Unnamed: 0,Record-ID,TrainOrDev,Class,Gender,Age,Converted-MMSE
0,Process-rec-001,train,MCI,male,62,25.0
1,Process-rec-002,dev,MCI,male,61,25.0
2,Process-rec-003,train,MCI,female,62,29.0
3,Process-rec-004,dev,MCI,female,67,29.0
4,Process-rec-005,train,MCI,male,65,27.0


In [3]:
# fix 66* string value in Age column
# df['Age'].value_counts()

df['Class'].value_counts()
def load_process(path):
    df = pd.read_csv(f'{path}/dem-info.csv')
    
    # fix 66* string value in Age column
    df['Age'] = df['Age'].apply(lambda x: x.replace('66*', '66'))
    df['Age'] = df['Age'].astype(int)
    
    # get_file_names
    for ext in ["CTD", "PFT", 'SFT']:
        df[f'{ext}_wav'] = f'{path}/' + df['Record-ID'] + '/' + df['Record-ID'] + f'__{ext}.wav'
        df[f'{ext}_txt'] = f'{path}/' + df['Record-ID'] + '/' + df['Record-ID'] + f'__{ext}.txt'

    # fix 66* string value in Age column
    df_train = df.loc[df['TrainOrDev'] == 'train']
    df_dev = df.loc[df['TrainOrDev'] == 'dev']
    return df_train, df_dev

df_train, df_dev = load_process("../PROCESS-V1/")

In [4]:
def get_word_count_and_wait_time(text_path):
    """
    Analyze text file, extract word count and total wait time.
    """
    try:
        with open(text_path, 'r') as file:
            content = file.read()

        # Wartezeiten extrahieren und summieren
        wait_times = re.findall(r'\((\d+) seconds?\)', content)
        total_wait_time = sum(int(seconds) for seconds in wait_times)

       # Wörter zählen
        words = re.sub(r'\(\d+ seconds?\)', '', content)  # Entferne die Wartezeiten aus dem Text
        word_count = len(words.split())

        return word_count, total_wait_time

    except Exception as e:
        print(f'Fehler beim Verarbeiten von {text_path}: {e}')
        return 0, 0

In [5]:
def process_recordings(folder_path, dem_info_path):
    """
    Iterate through all CTD text files in file, calculate word count and total wait time and add more information of dem-info.csv.
    """
    # load dem-info.csv file
    dem_info = pd.read_csv(dem_info_path)
    
    # fix 66* string value in Age column
    dem_info['Age'] = dem_info['Age'].apply(lambda x: x.replace('66*', '66') if isinstance(x, str) else x)
    dem_info['Age'] = dem_info['Age'].astype(int)
    
    records = []
    
    for root, dirs, files in os.walk(folder_path):
        for file in files:
            if file.endswith(".txt") and "__CTD" in file:
                text_type = "CTD"
                text_path = os.path.join(root, file)
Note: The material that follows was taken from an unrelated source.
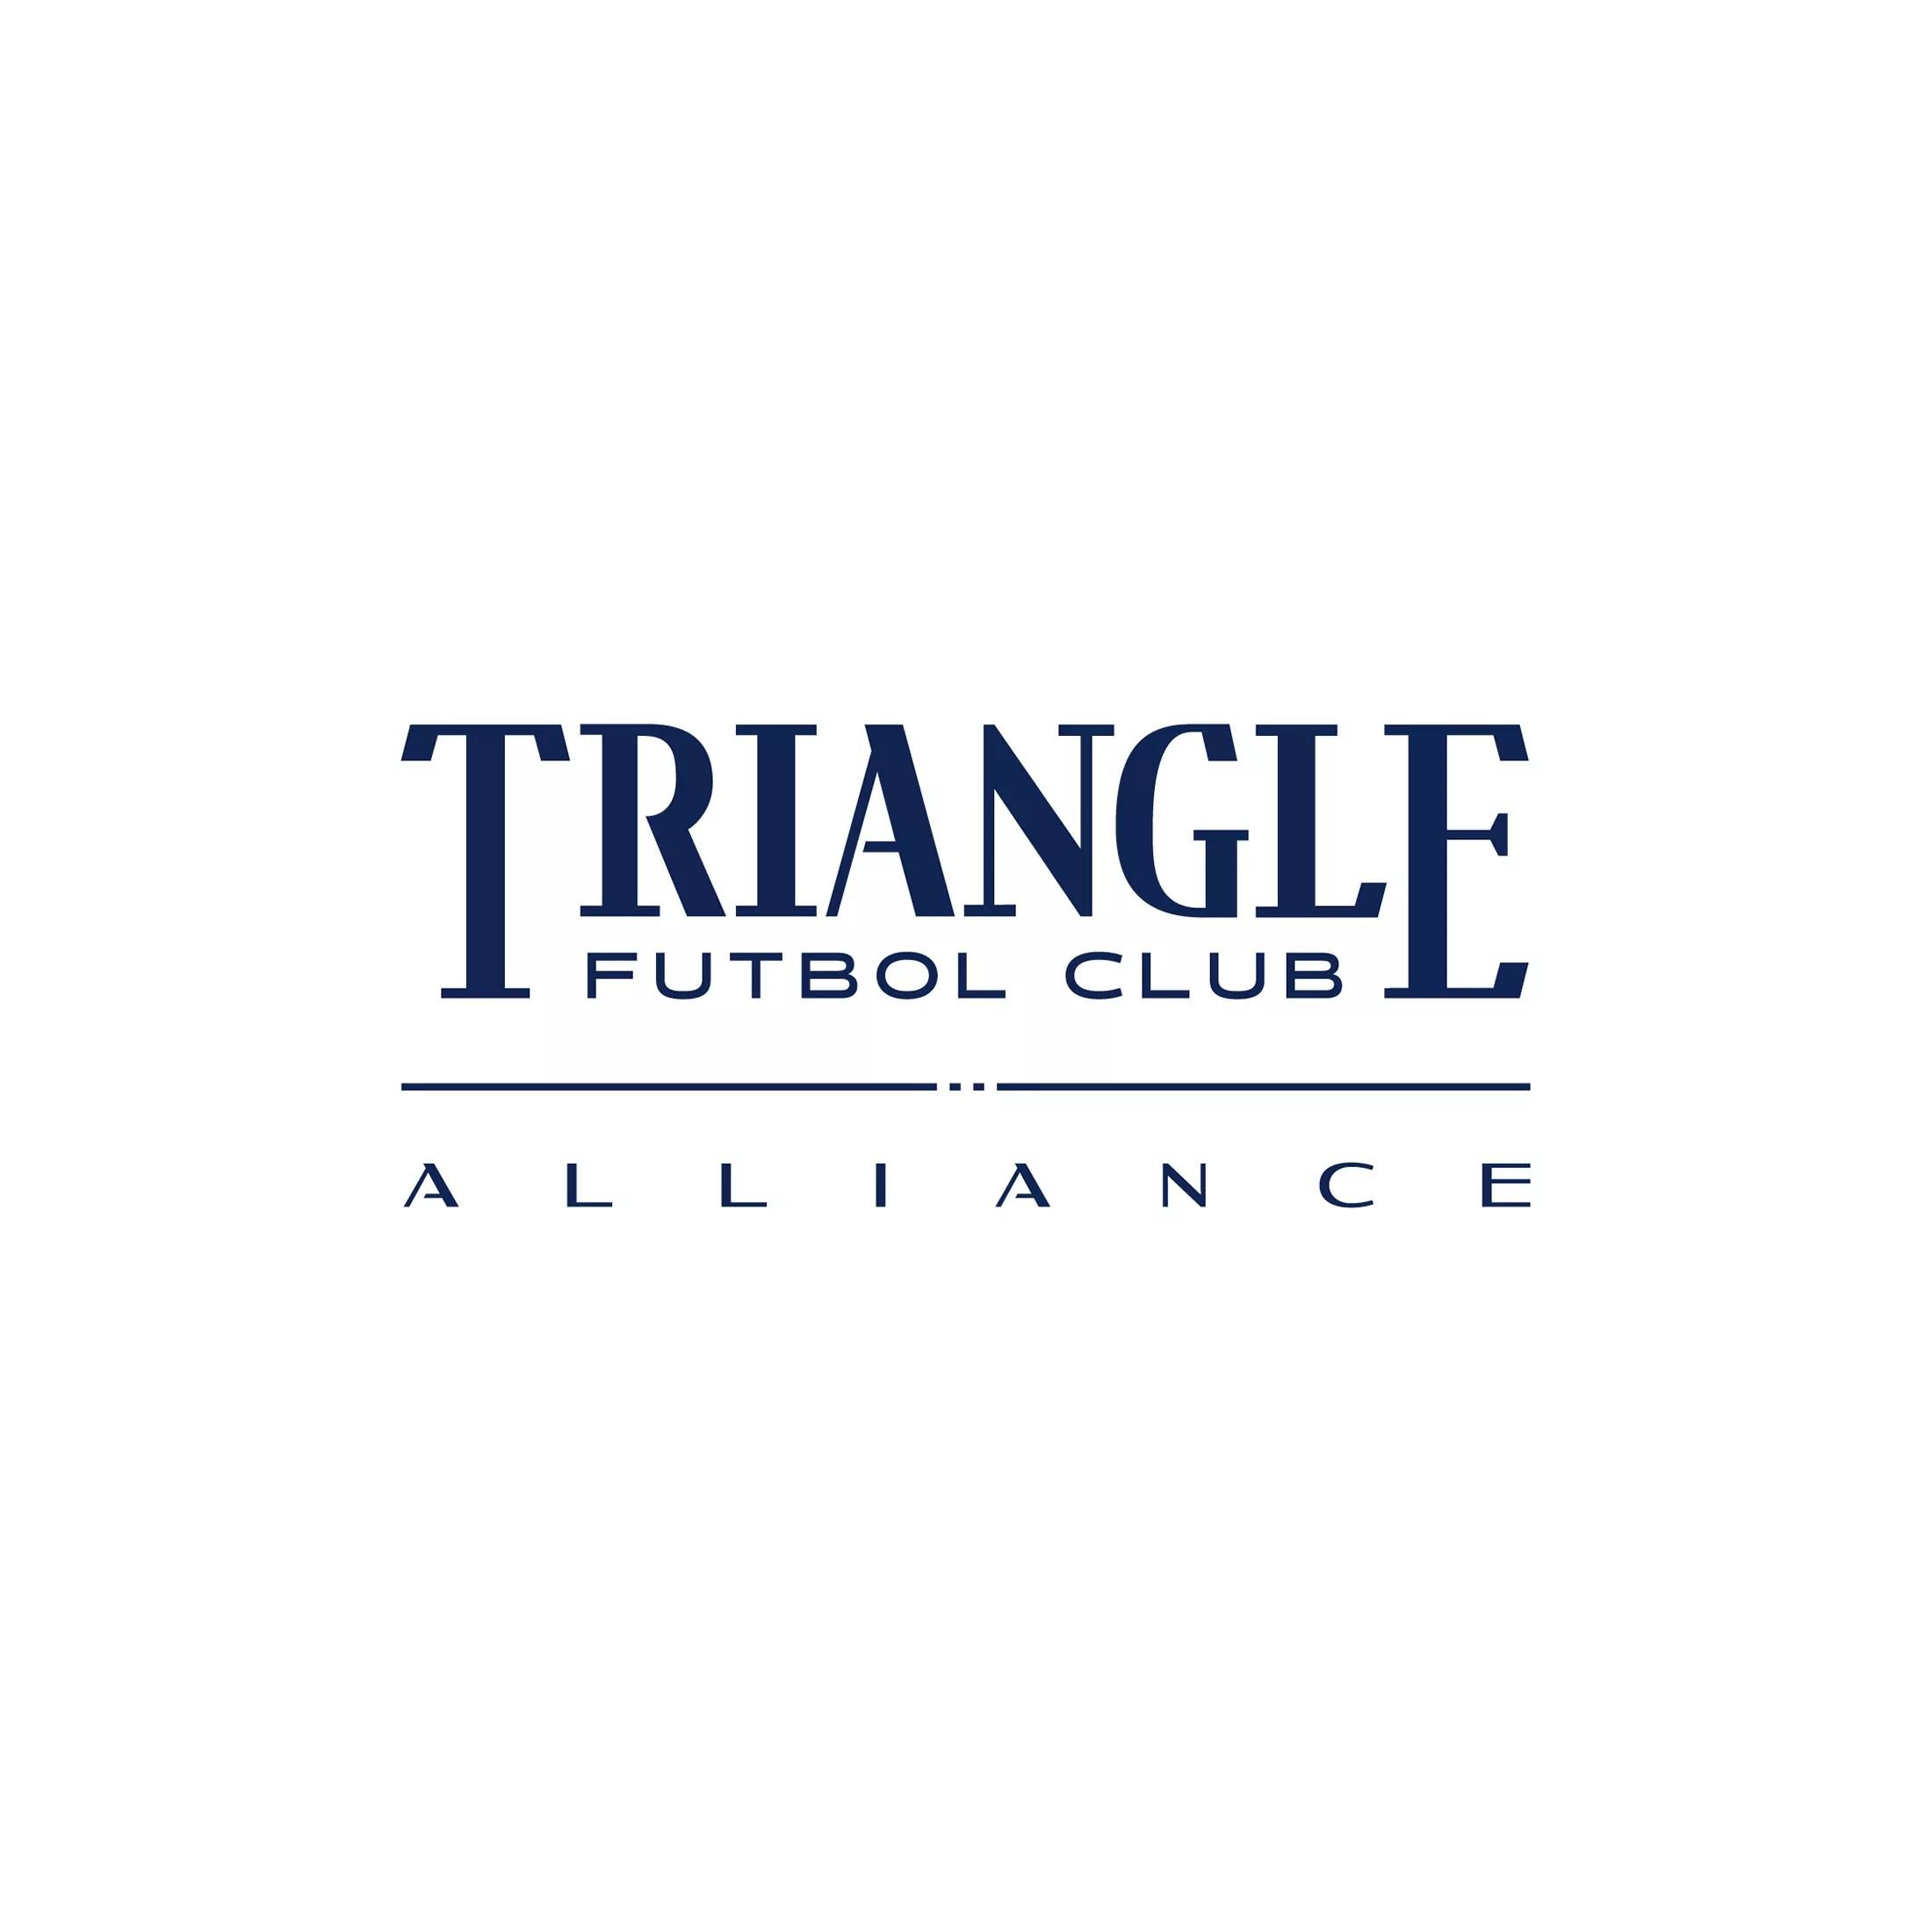 TFCA Branding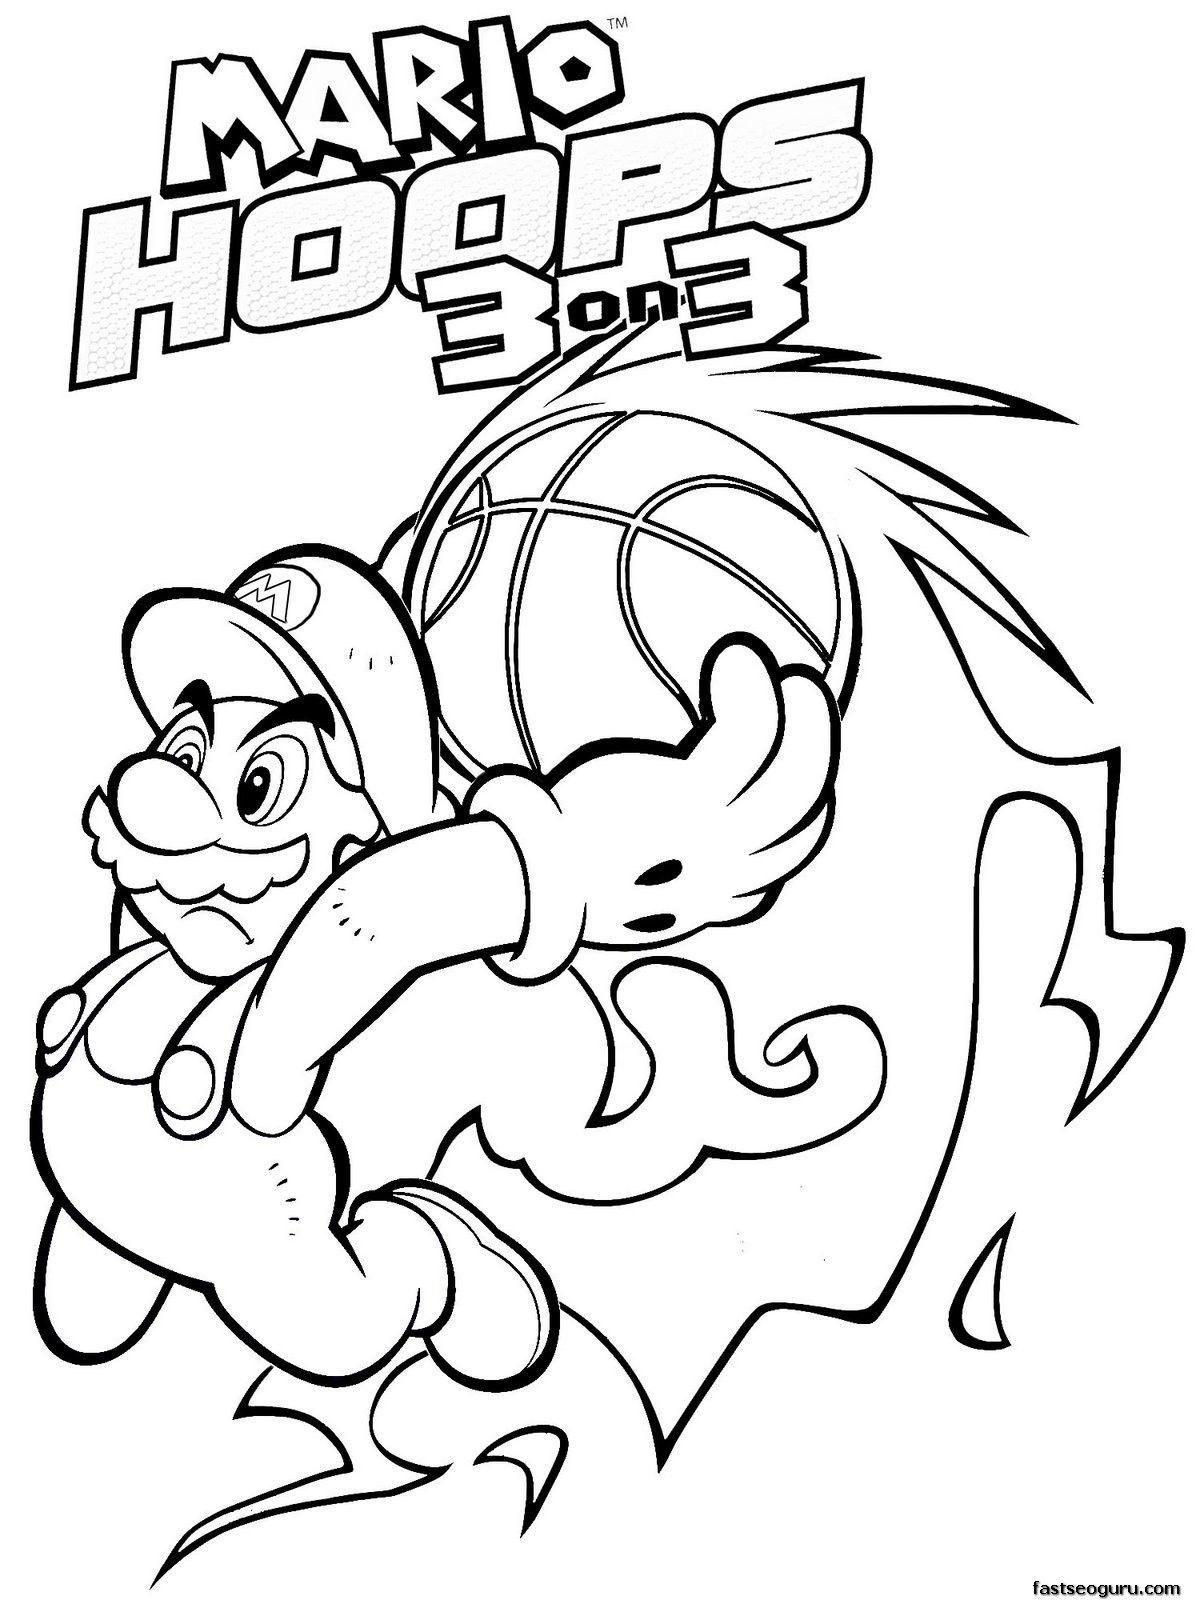 Super Mario Bros #204 (Video Games) – Printable coloring pages | 1600x1200

                # extract Record-ID
                record_id = os.path.basename(root)

                # calcualte word count and total wait time
                word_count, total_wait_time = get_word_count_and_wait_time(text_path)

                # get more information of DataFrame
                dem_info_row = dem_info[dem_info['Record-ID'] == record_id]
                if not dem_info_row.empty:
                    train_or_dev = dem_info_row.iloc[0]['TrainOrDev']
                    rec_class = dem_info_row.iloc[0]['Class']
                    gender = dem_info_row.iloc[0]['Gender']
                    age = dem_info_row.iloc[0]['Age']
                    converted_mmse = dem_info_row.iloc[0]['Converted-MMSE']
                else:
                    train_or_dev = None
                    rec_class = None
                    gender = None
                    age = None
                    converted_mmse = None

                records.append({
                    "Record-ID": record_id,
                    "TrainOrDev": train_or_dev,
                    "Class": rec_class,
                    "Gender": gender,
                    "Age": age,
                    "Word_Count_CTD": word_count,
                    "Total_Wait_Time_CTD": total_wait_time,
                    "Converted-MMSE": converted_mmse
                })

    # Convert results in DataFrame
    results_df = pd.DataFrame(records)

    # Group by Record-ID and summarize
    results_df = results_df.groupby("Record-ID").first().reset_index()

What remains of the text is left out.